Editor's note: This story has been updated.
Less than a day after numerous headstones were found knocked to the ground at a Jewish cemetery in Springfield, Pennsylvania, police said Saturday morning that they don't have any proof the damage was caused by vandalism.
A woman visiting Mt. Sharon Cemetery along Springfield Road to pay respects at her father's grave first discovered the damage. A sergeant with Springfield police said the cemetery owner disputed the initial characterization of vandalism, telling investigators that they believe the stones fell by natural causes.
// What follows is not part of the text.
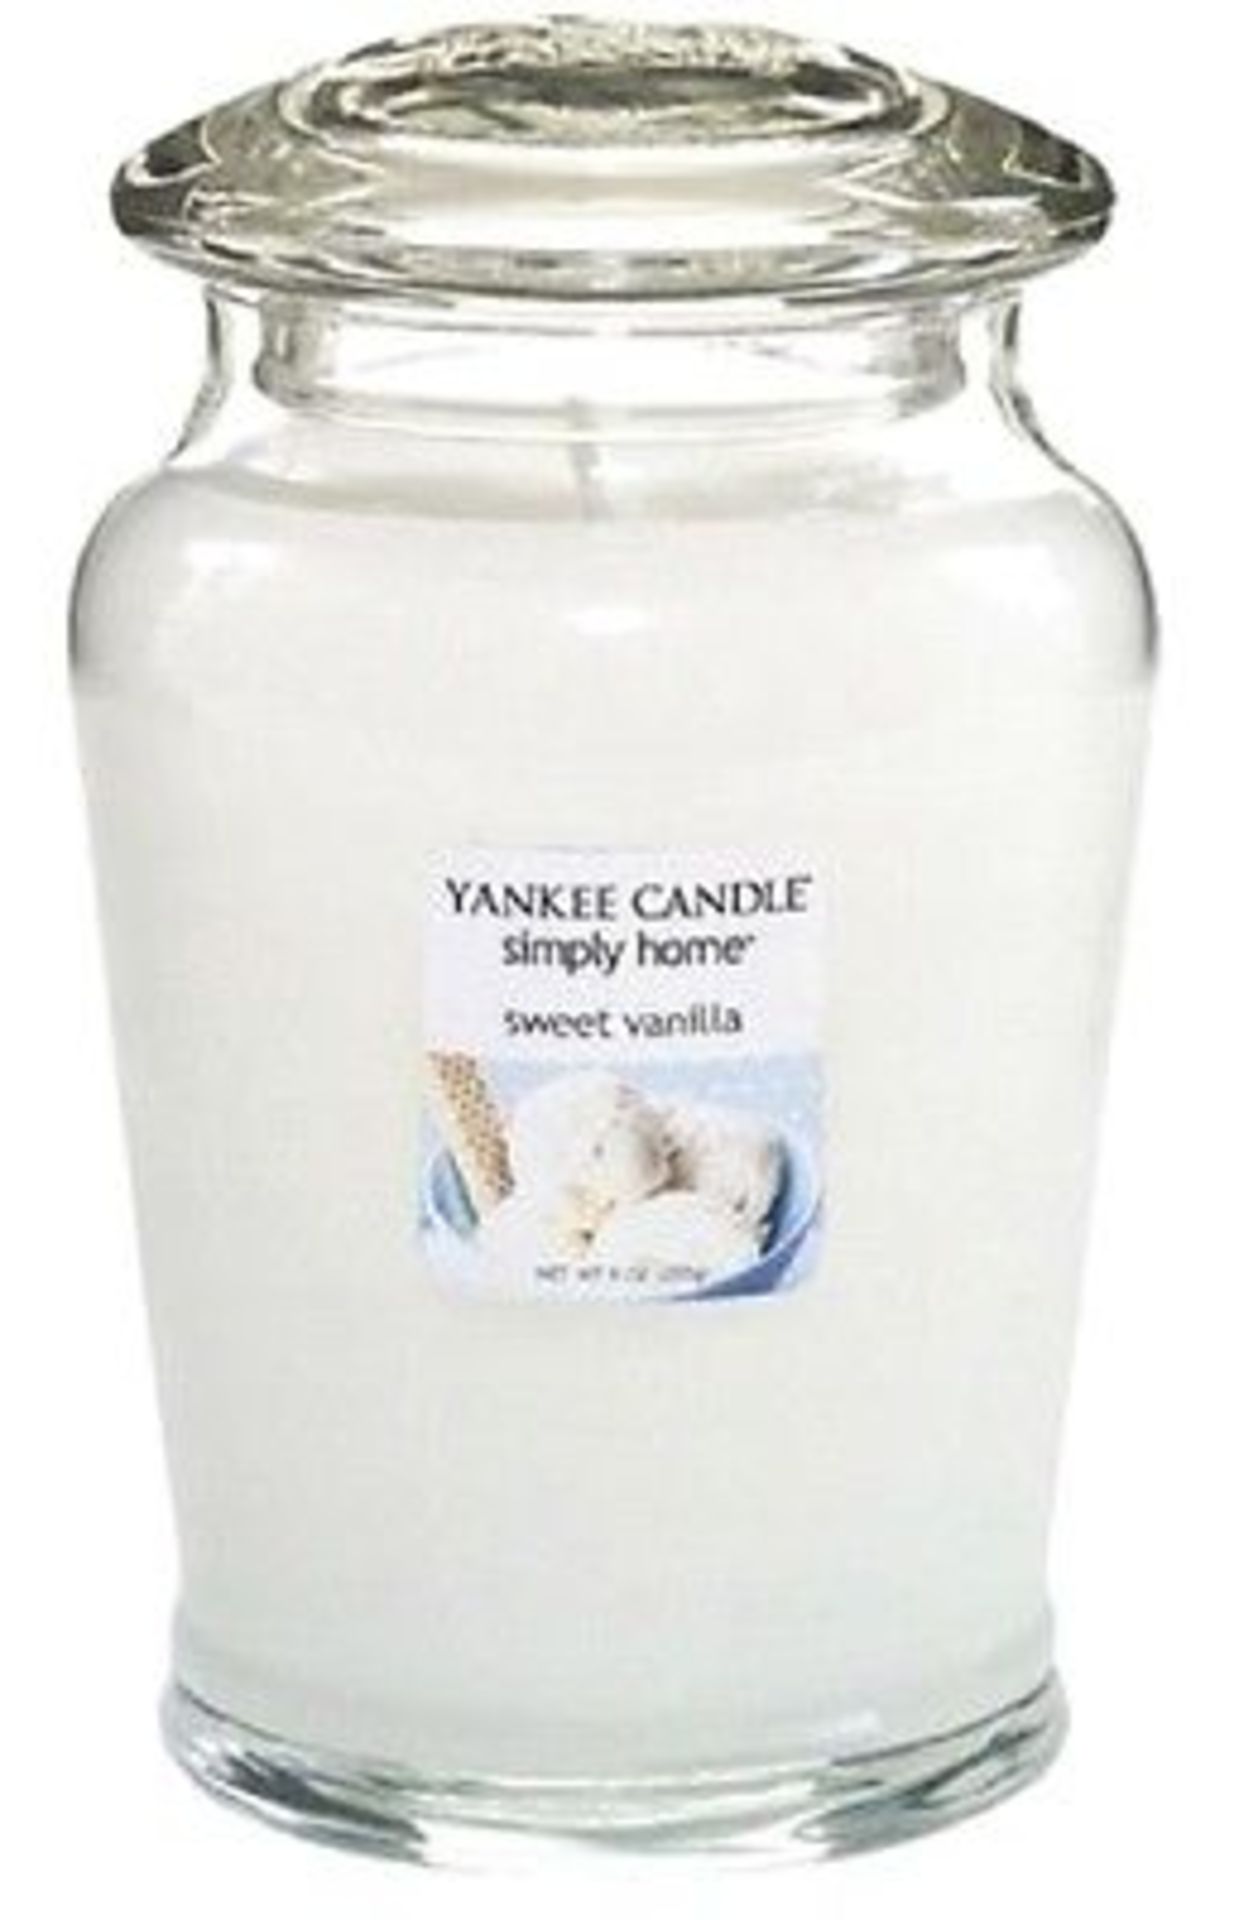 V *TRADE QTY* Brand New Yankee Candle Jar Medium Sweet Vanilla 12oz Internet Price £10.99 X 6 YOUR

Headstones were broken in half or toppled in several sections of the gravesite. An exact number of damaged graves was not immediately known, but photos provided to NBC10 showed nearly a dozen burial places with headstones on their sides. Mona Ezra, the woman who discovered the damage, said some 30 graves were hit.
"We're still in communication with the cemetery. We're taking anything like that seriously," Springfield police Sgt. Pat McKenna said Saturday. "They're giving us a variety of reasons. There are no other factors that would lead us to believe it's vandalism."
The cemetery said that the reasons for the fallen gravestones include "environmental factors, age, trees and bush removal," according to a statement issued by police.
"They're going out there and doing their due diligence" to repair the grave sites, McKenna said of the cemetery owner. Attempts to reach the cemetery owner were unsuccessful.